Jozy Altidore, AZ (Netherlands)
After a forgettable three years in Europe (six goals in 77 appearances with four different clubs), Jozy Altidore moved to the Netherlands and finally found his touch. Despite a few benchings, Altidore consistently returned to the lineup because he scored goals. He scored 15th in the Eredivisie (good for 7th in the league) and 19 in all competitions, nearly matching his career total. Additionally, playing as the center forward in AZ’s 4-3-3, he finally embraced the finer parts of the #9 role, making nice near post runs and showing the best holdup play of his career. Despite a late slump, AZ and Altidore will be in the Europa League next year, and the team’s leading scorer will be looked upon to build on a strong debut year.

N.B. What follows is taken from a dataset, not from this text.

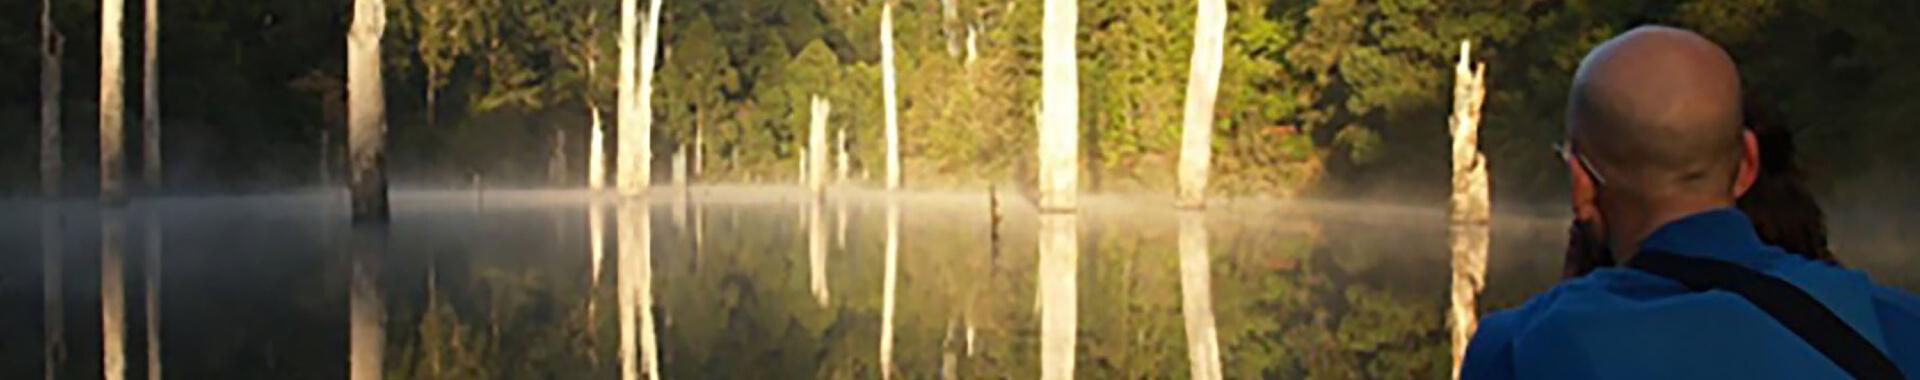 lake-elizabeth-platpyus-great-ocean-road-around-about-unique

Clint Dempsey, M/F, Fulham
Whenever Dempsey retires or moves back to MLS, we might have to rename this award the Clint Dempsey Trophy. After winning deserving MVP awards the past two seasons, Deuce had his best season yet, moving from “nice/quality player” to “elite”. Dempsey finished 4th in the Premier League in goals with 17 and finished with 23 goals across the board, surpassing his total combined from the last two seasons. He blitzed past former teammate Brian McBride to become the leading scorer by an American in England, went over 50 goals for his career, and may have earned his way to a Champions League transfer. He’s a great American, my friends.
Goal of the Year
Perhaps no goal was more symbolic of Gatt’s performance than his flying, slaloming run against Start that put a defender on the ground and solidified his spot as perhaps the most exciting American youngster.
Performance of the Year
We were all impressed when Dempsey scored a hat trick in a 4-0 FA Cup win over League One’s Charlton, but we were really impressed when he went and had a hat trick two weeks later against a Premier League side. Dempsey destroyed a Champions League-contending Newcastle on January 21, even passing on a penalty kick when sitting on two goals to earn the hat trick the real way. (Indeed, had Dempsey taken Fulham’s penalty kicks that day, he could have earned himself a Golden Helmet of Mambrino five goals. Yeah, he can ball.